With water quality, odor, and taste issues as top priorities for the
Indianapolis water supply, a research and development partnership
spanning twenty years, known as the Central Indiana Water Resources
Partnership (CIWRP), was established to conduct detailed analysis of
the three water supply reservoirs, including Eagle Creek.
Figure 1. Construction of Eagle Creek Reservoir (ECR),
located in the Eagle Creek Watershed, was completed in 1967 to
provide downstream flood control for the cities of Indianapolis and
Speedway, Indiana (red outline). The reservoir is home to Cagle
Creek Park, providing recreational activities such as swimming,
boating, fishing, and sporting events. An abandoned quarry adjacent
to, but separated from the ECR, serves as a bird sanctuary.

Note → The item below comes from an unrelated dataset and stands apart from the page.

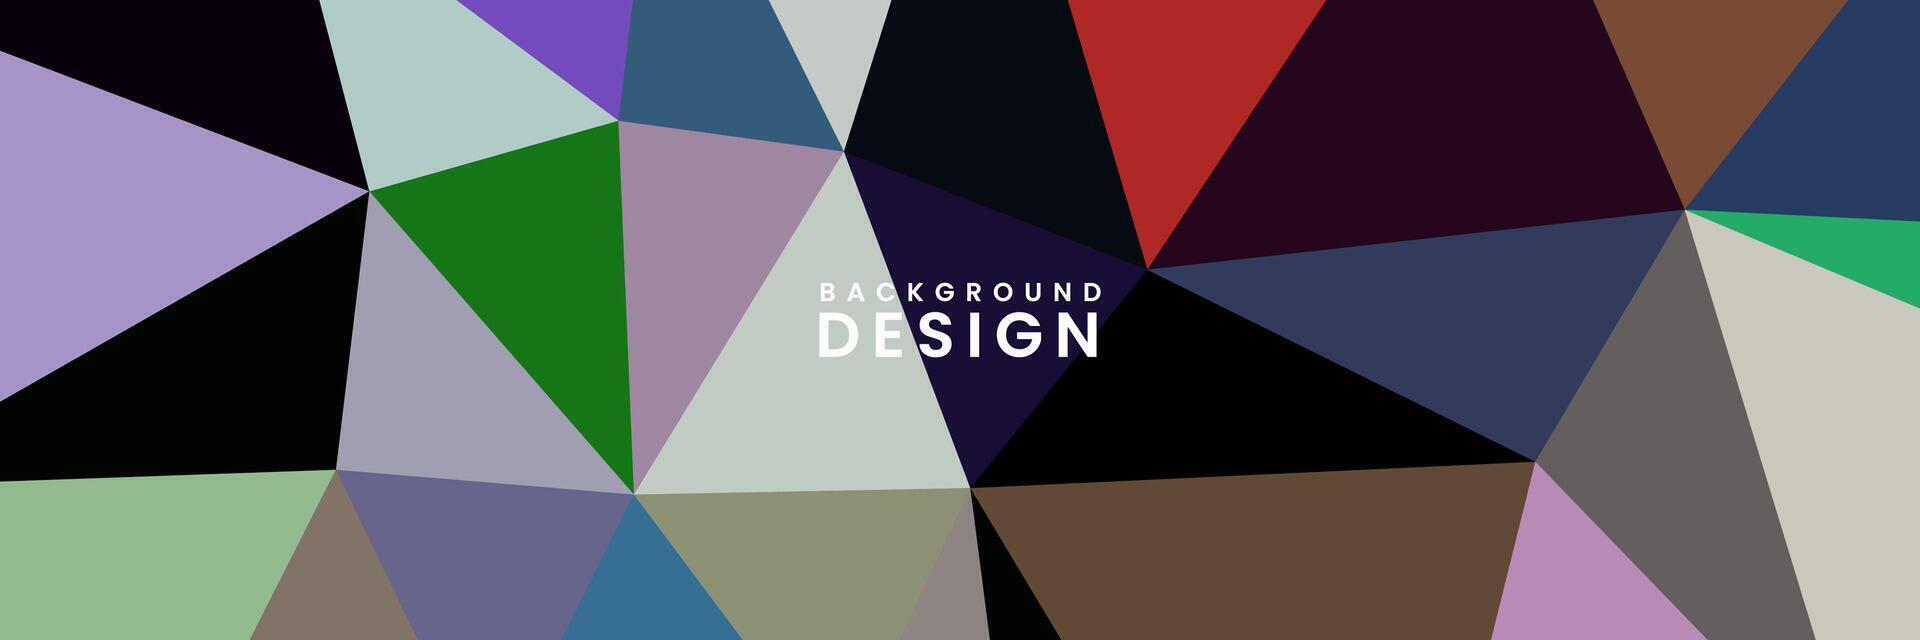 abstrakt elegant bakgrund med trianglar och klassisk vibrerande Färg vektor

The reservoir became a public drinking water source
in 1976 when the T.W. Moses water treatment facility was
constructed, using water directly from the reservoir. However, the
treatment facility can not effectively remove the high levels of
taste and odor compounds that periodically occur in the reservoir as
a result of blooms of blue green algae.
The area emptying into ECR is 162 mi2 /419.58 km2, about half of
which is used for corn and soybean crops; the reservoir has a water
surface area of 1350 acres/5460 m2, and a maximum depth of 54
ft/16.46 m, allowing some regions to become thermally stratified
during summer and winter, creating the potential for anoxic bottom
waters.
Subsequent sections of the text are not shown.